The required answer is the run of lines from the one holding "March 9, 2015: An" to the end of the data below, copied exactly and free of pictures.

* **Given data**
Start of Block

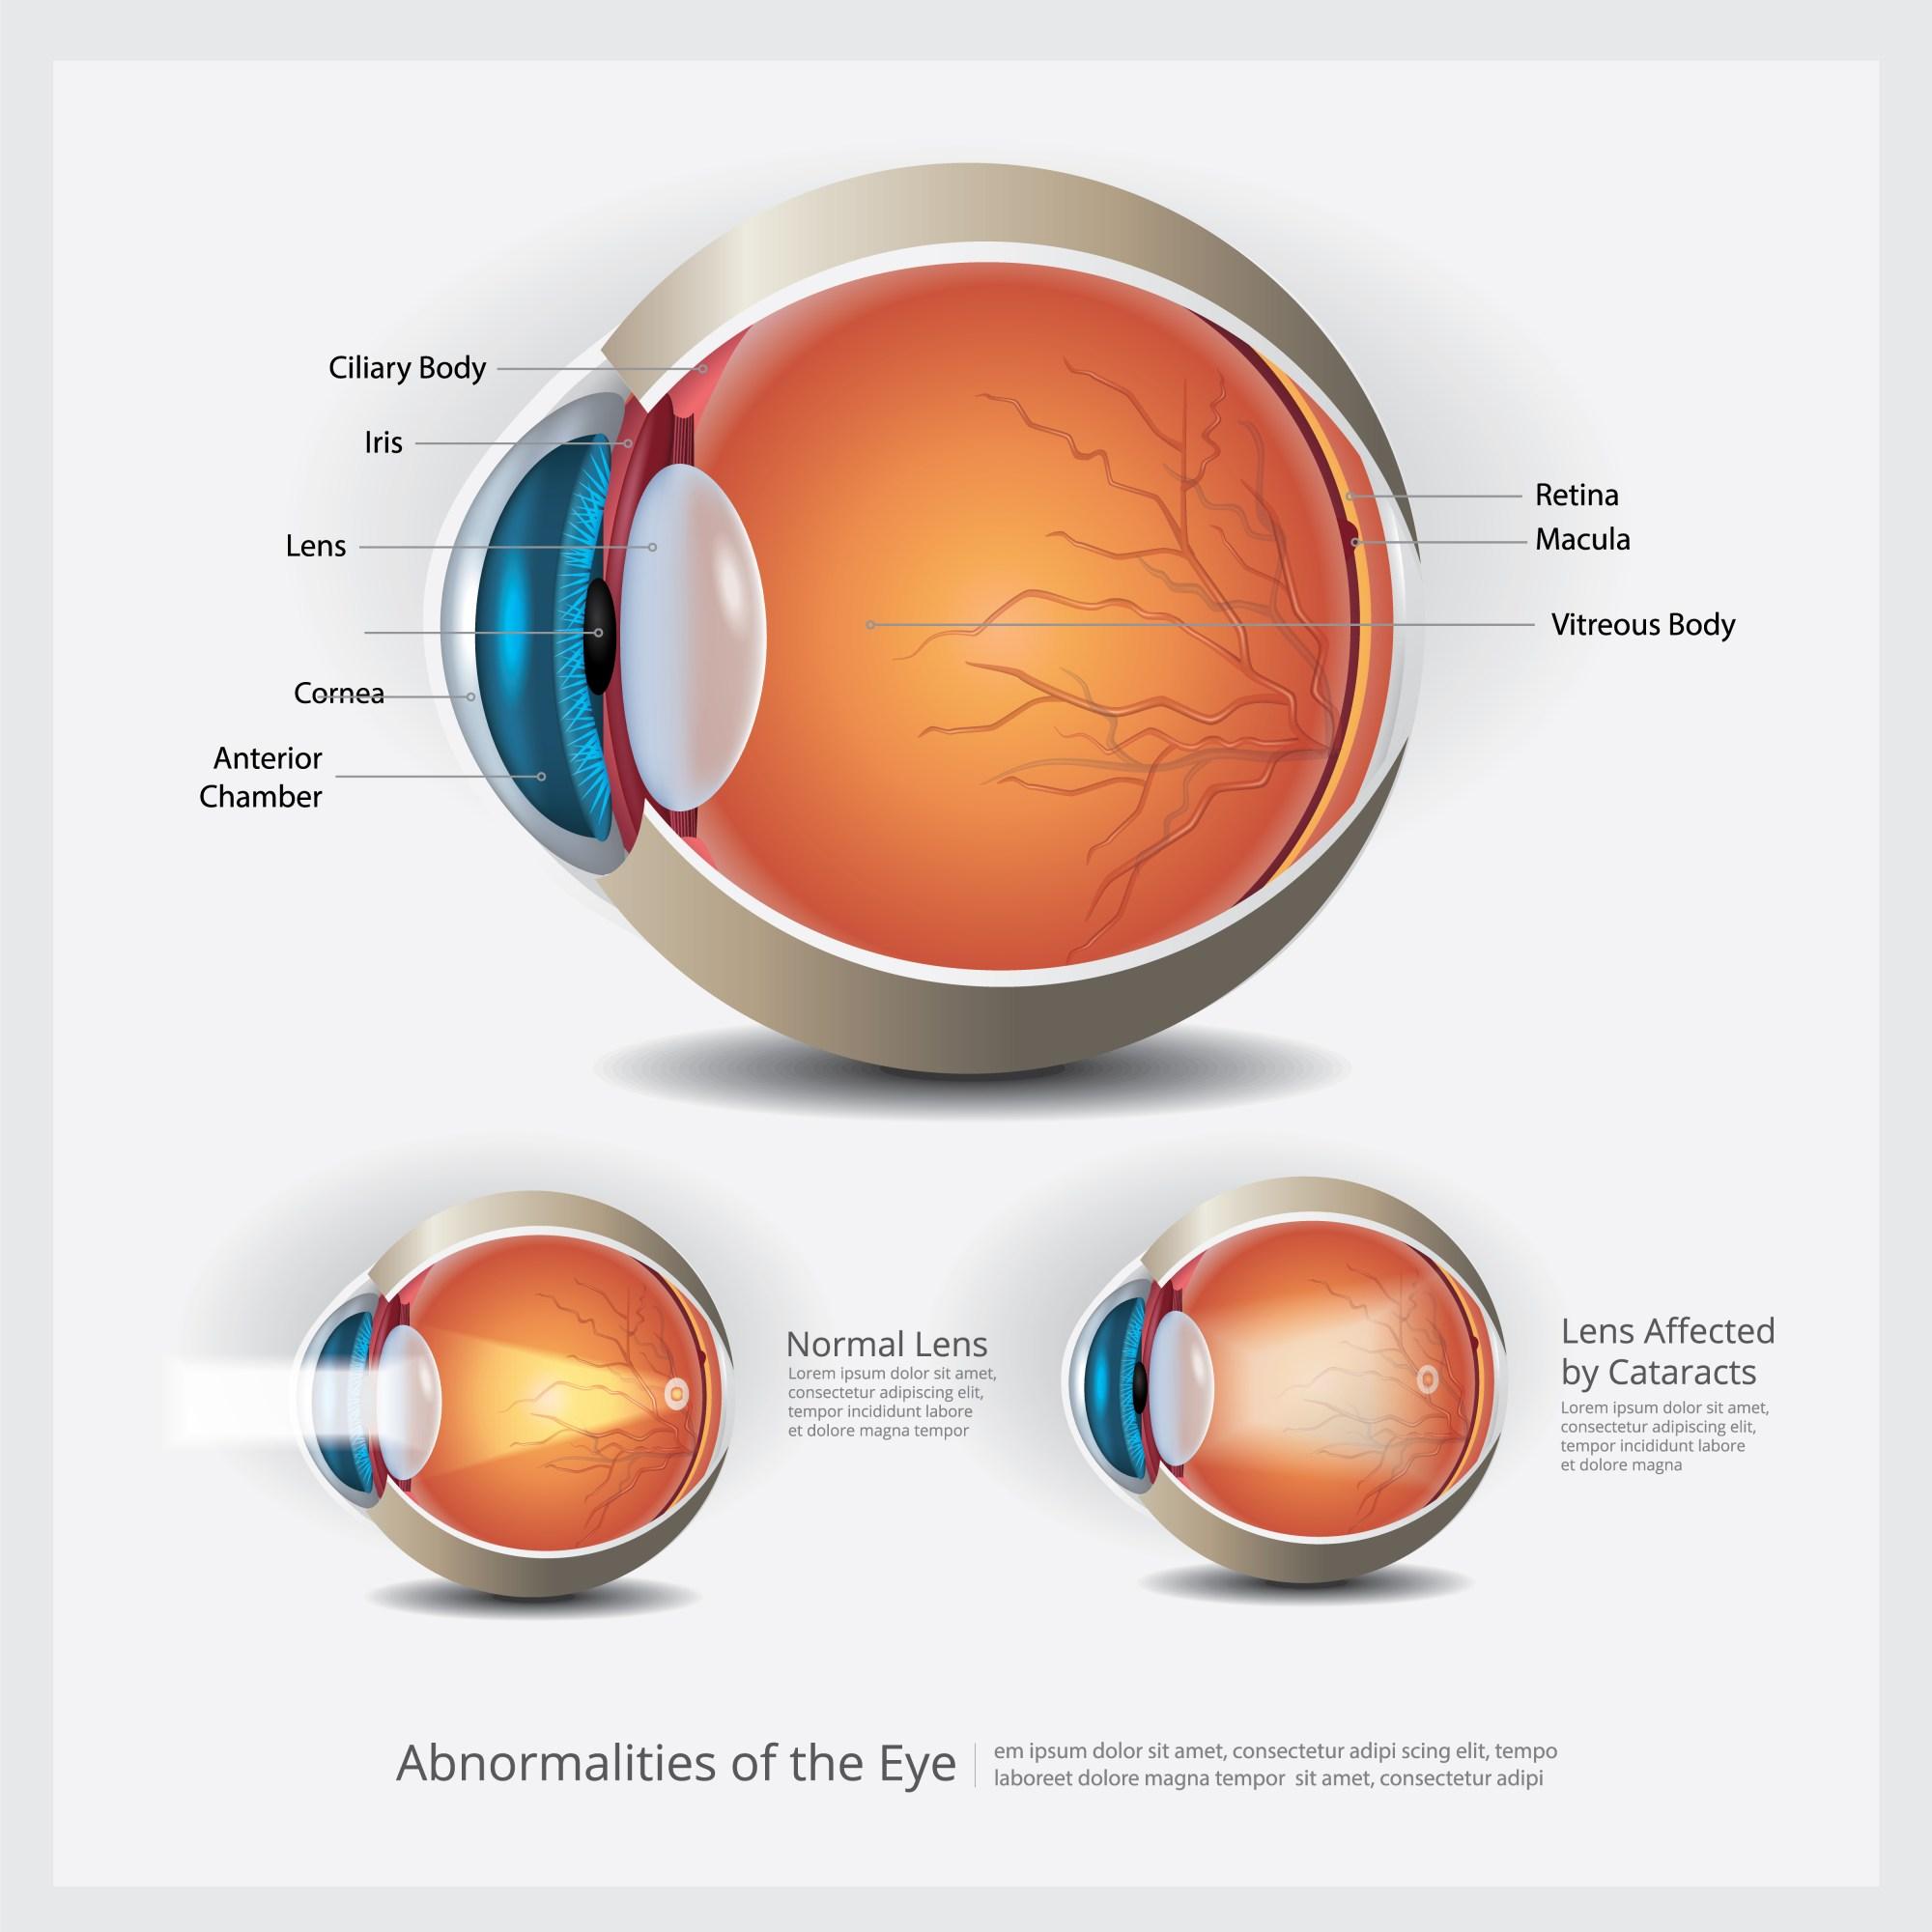 hight resolution of eye anatomy with eye abnormalities vector illustration
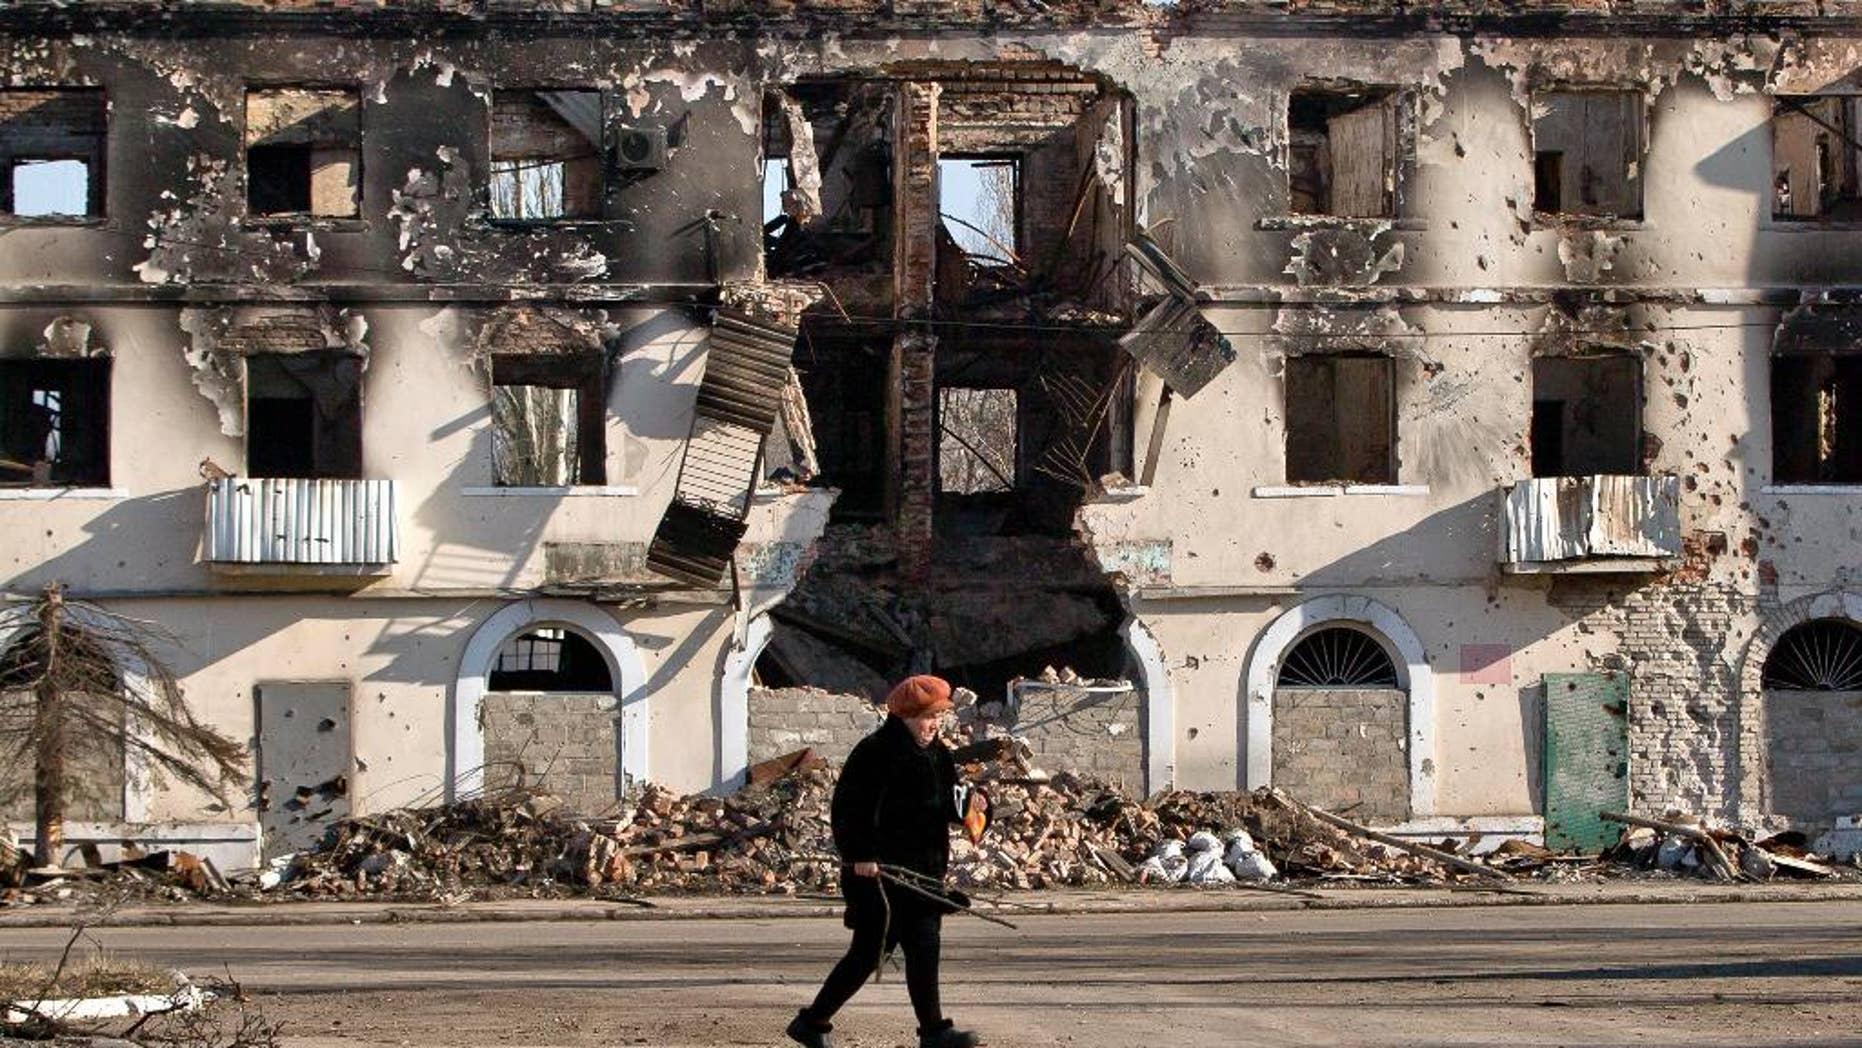 March 9, 2015: An elderly woman walks by a destroyed building in Vuhlehirsk, Ukraine.
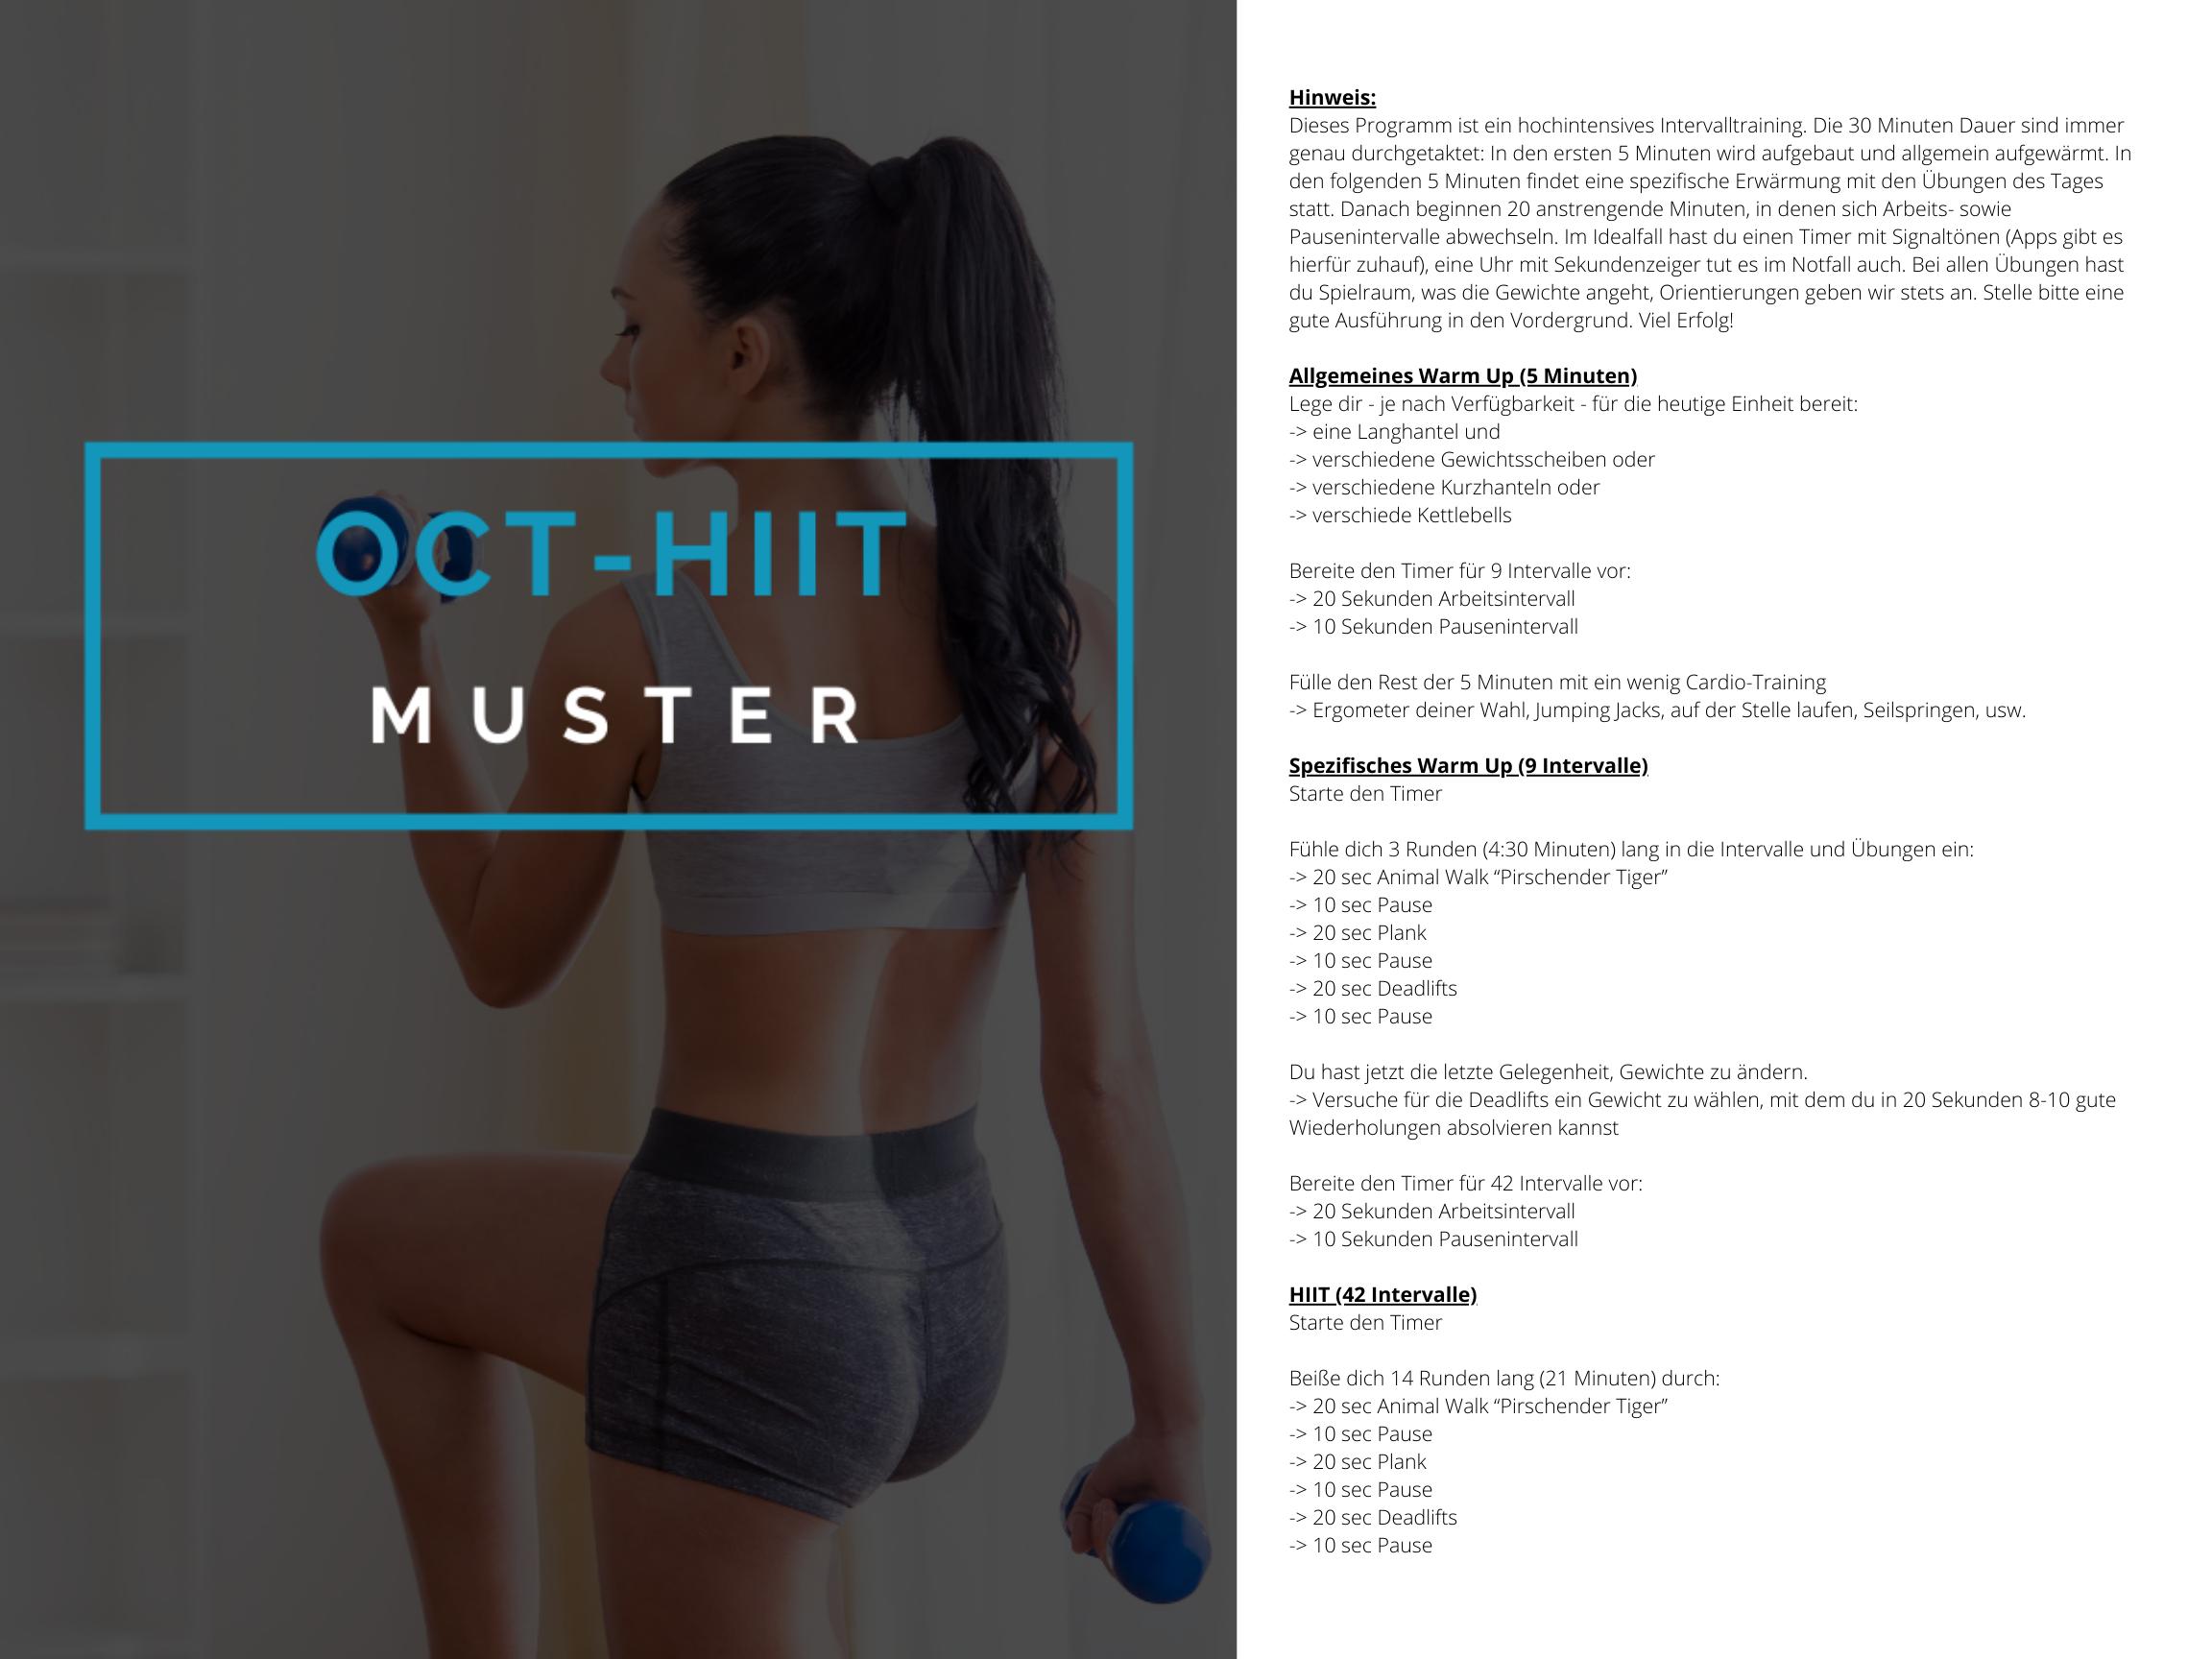 OCT-HIIT Muster Trainingsplan 2

End of Block

* **Completed exercise**
 March 9, 2015: An elderly woman walks by a destroyed building in Vuhlehirsk, Ukraine.
 OCT-HIIT Muster Trainingsplan 2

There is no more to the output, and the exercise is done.